- I mean if -- if you had a -- a -- a renegade, potential criminal element that was poor and unwilling to work, and you had a chance to get rid of 500,000 every year, would you do it?
The first time I encountered Mexican workers was in 1975, when I came home to Idaho Falls from college in Moscow, Idaho, looking for work for the summer. The first place I could find that would hire me was a potato warehouse out on Lindsey Boulevard, next to the rail tracks.
Most of my co-workers were from Mexico, were likely illegal immigrants, and most of them spoke only Spanish. But they were friendly and tried to help me and my friend Scott, who had also gotten a job there. We both towered over them, and we were both in pretty good shape; I was 18 at the time, and had spent the previous summers hauling pipe in potato fields, so I knew what hard work was about.
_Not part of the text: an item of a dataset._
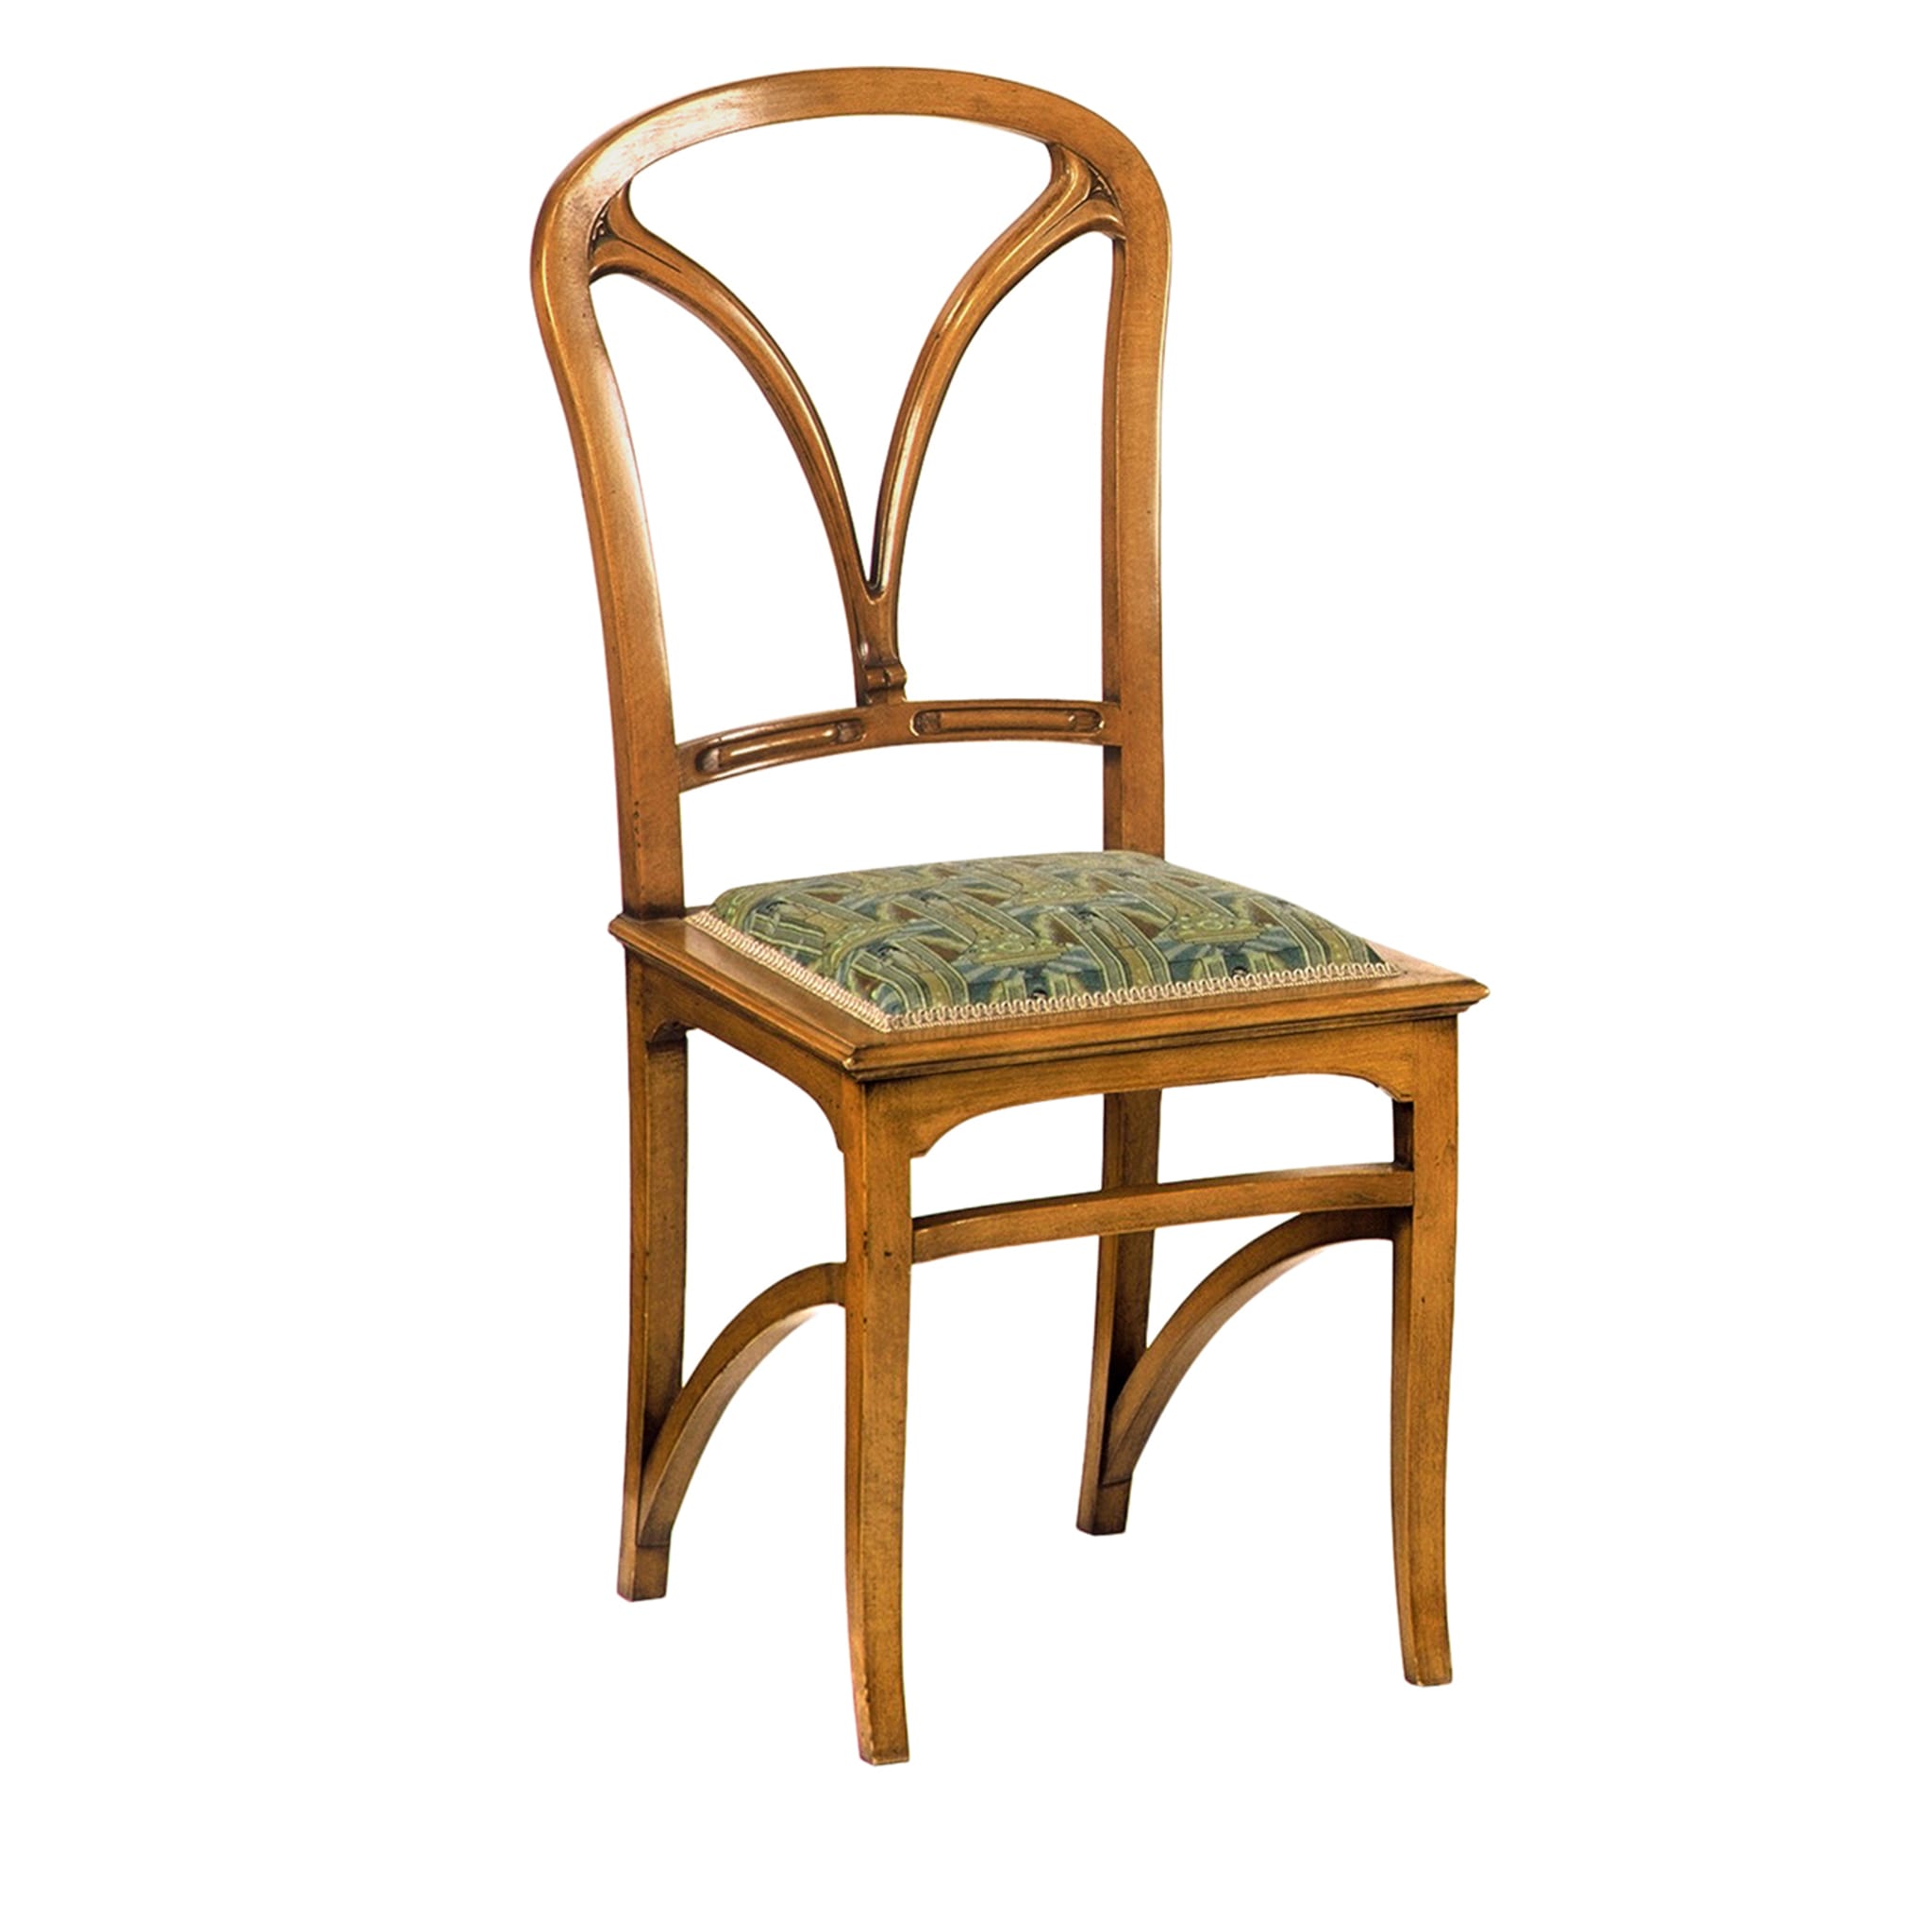 Italian Art Nouveau-Style Chair  - Main view

But we weren't quite prepared for this work.
Basically, the job entailed loading 100- and 50-pound gunny sacks of potatoes into rail cars: stacking them onto a dolly, rolling them into the car, and stacking them up. This is a reasonable job when the stack is less than chest high, but loading them over our heads was a real test.
After two weeks, I failed it. I was completely exhausted and broken down by the end of that time. I called in, said thanks for the opportunity, and quit. (So did Scott.) I wound up setting up my own house-painting business that summer and making my tuition that way.
But I'm sure that most of those Latino co-workers not only stayed on, they probably worked at the warehouse year-round. Because they were simply unfazed by it all. They could load, stack, and load some more, all of it far more efficiently than I ever could. And at the end of every day, as I collapsed in a heap, they were still in good spirits.
Not only were they the hardest-working people I ever met, they also had the best work ethic I ever saw. That is, not only did they work hard, they worked smart. I muscled those 100-pound sacks of spuds up to the top row, while they simply tossed them up with a little leverage and technique.
Oh, and my old boss back at the potato farm where I hauled pipe? Within a couple of years after I left that farm, he went to an all-Latino crew, and he admitted to me that they were mostly illegals. But, he said, they worked harder and better and far more reliably than any crew of teenagers ever had for him. Having been one of those teenagers, I knew exactly what he meant.
Since then, I have had many other encounters with immigrant Latino workers -- as well as many working-class people living in Mexico -- and my experience has been uniform. These are hard-working, decent people. America can use more people like them.
Yes, they are often poor, and poverty does spawn crime. But the notion that they are innately criminal is absurd.
And the notion that they are lazy? On what planet?
But reading Limbaugh's rant, the big question that lingers is: How does he propose "getting rid" of 500,000 illegal immigrants annually?